Profiling of translatomes of in vivo-grown pollen tubes reveals genes with roles in micropylar guidance during pollination in Arabidopsis.

Transcriptome profiling has been used to identify genes expressed in pollen tubes elongating in vitro; however, little is known of the transcriptome of in vivo-grown pollen tubes due to the difficulty of collecting pollen that is elongating within the solid maternal gynoecium. Using a pollen-specific promoter (ProLAT52) to generate epitope-tagged polysomal-RNA complexes that could be affinity purified, we obtained mRNAs undergoing translation (the translatome) of in vivo-grown pollen tubes from self-pollinated gynoecia of Arabidopsis thaliana. Translatomes of pollen grains as well as in vivo- and in vitro-cultured pollen tubes were assayed by microarray analyses, revealing over 500 transcripts specifically enriched in in vivo-elongating pollen tubes. Functional analyses of several in vivo mutants (iv) of these pollination-enhanced transcripts revealed partial pollination/fertilization and seed formation defects in siliques (iv2, iv4, and iv6).

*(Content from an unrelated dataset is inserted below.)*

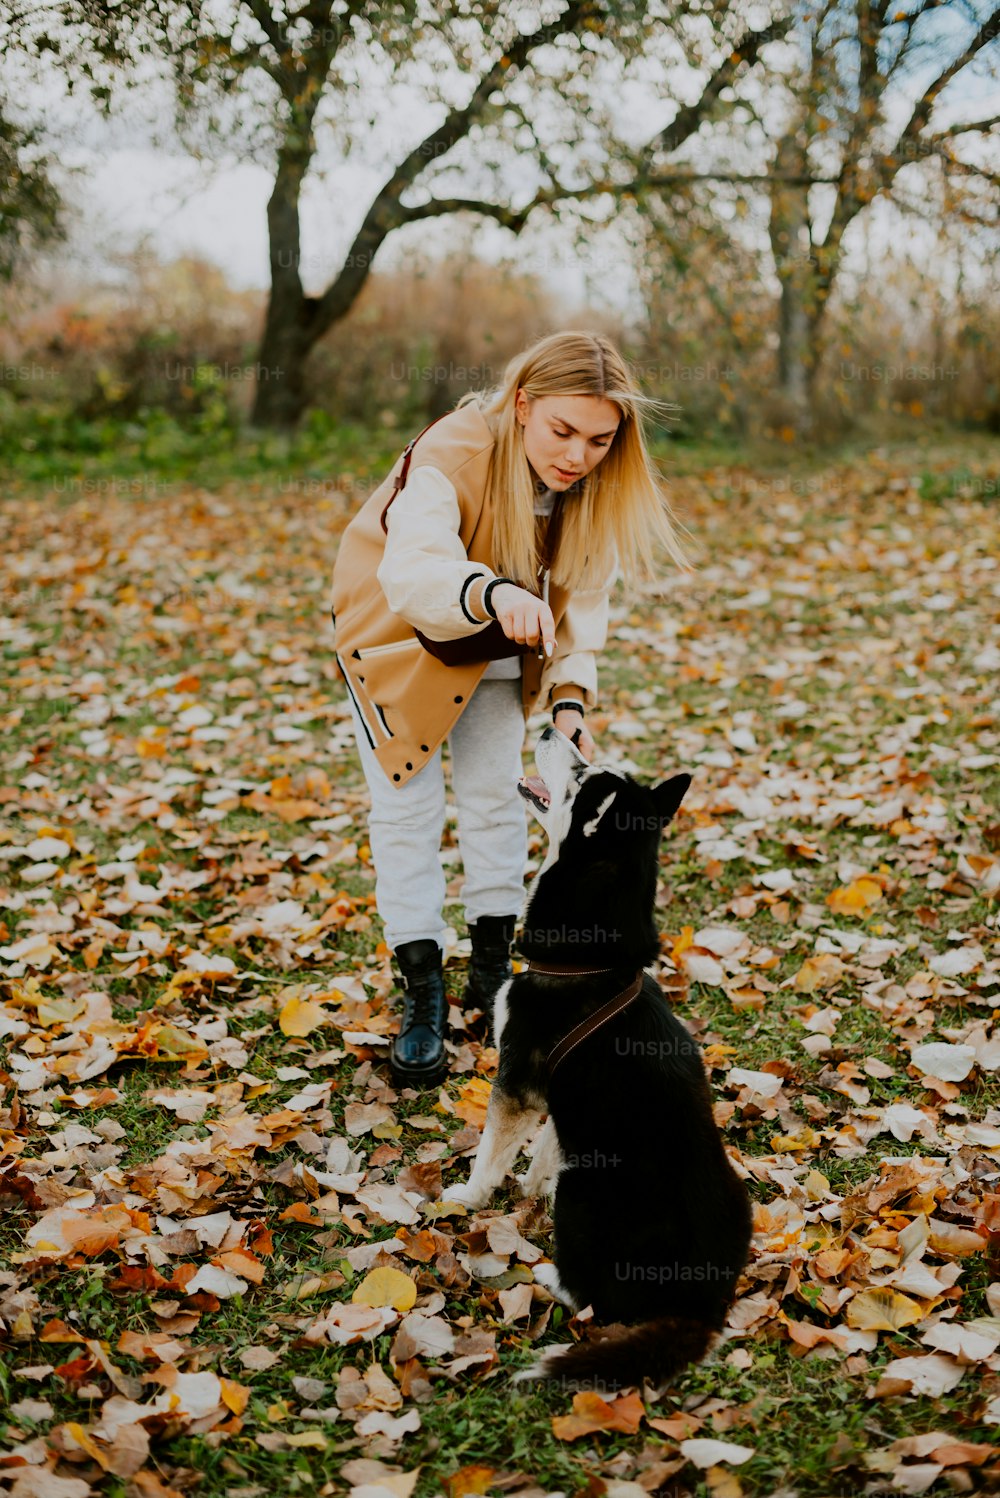 a woman petting a dog in a field of leaves

Cytological observation confirmed the involvement of these genes in specialized processes including micropylar guidance (IV6 and IV4), pollen tube burst (IV2), and repulsion of multiple pollen tubes in embryo sac (IV2). In summary, the selective immunopurification of transcripts engaged with polysomes in pollen tubes within self-fertilized florets has identified a cohort of pollination-enriched transcripts that facilitated the identification of genes important in in vivo pollen tube biology.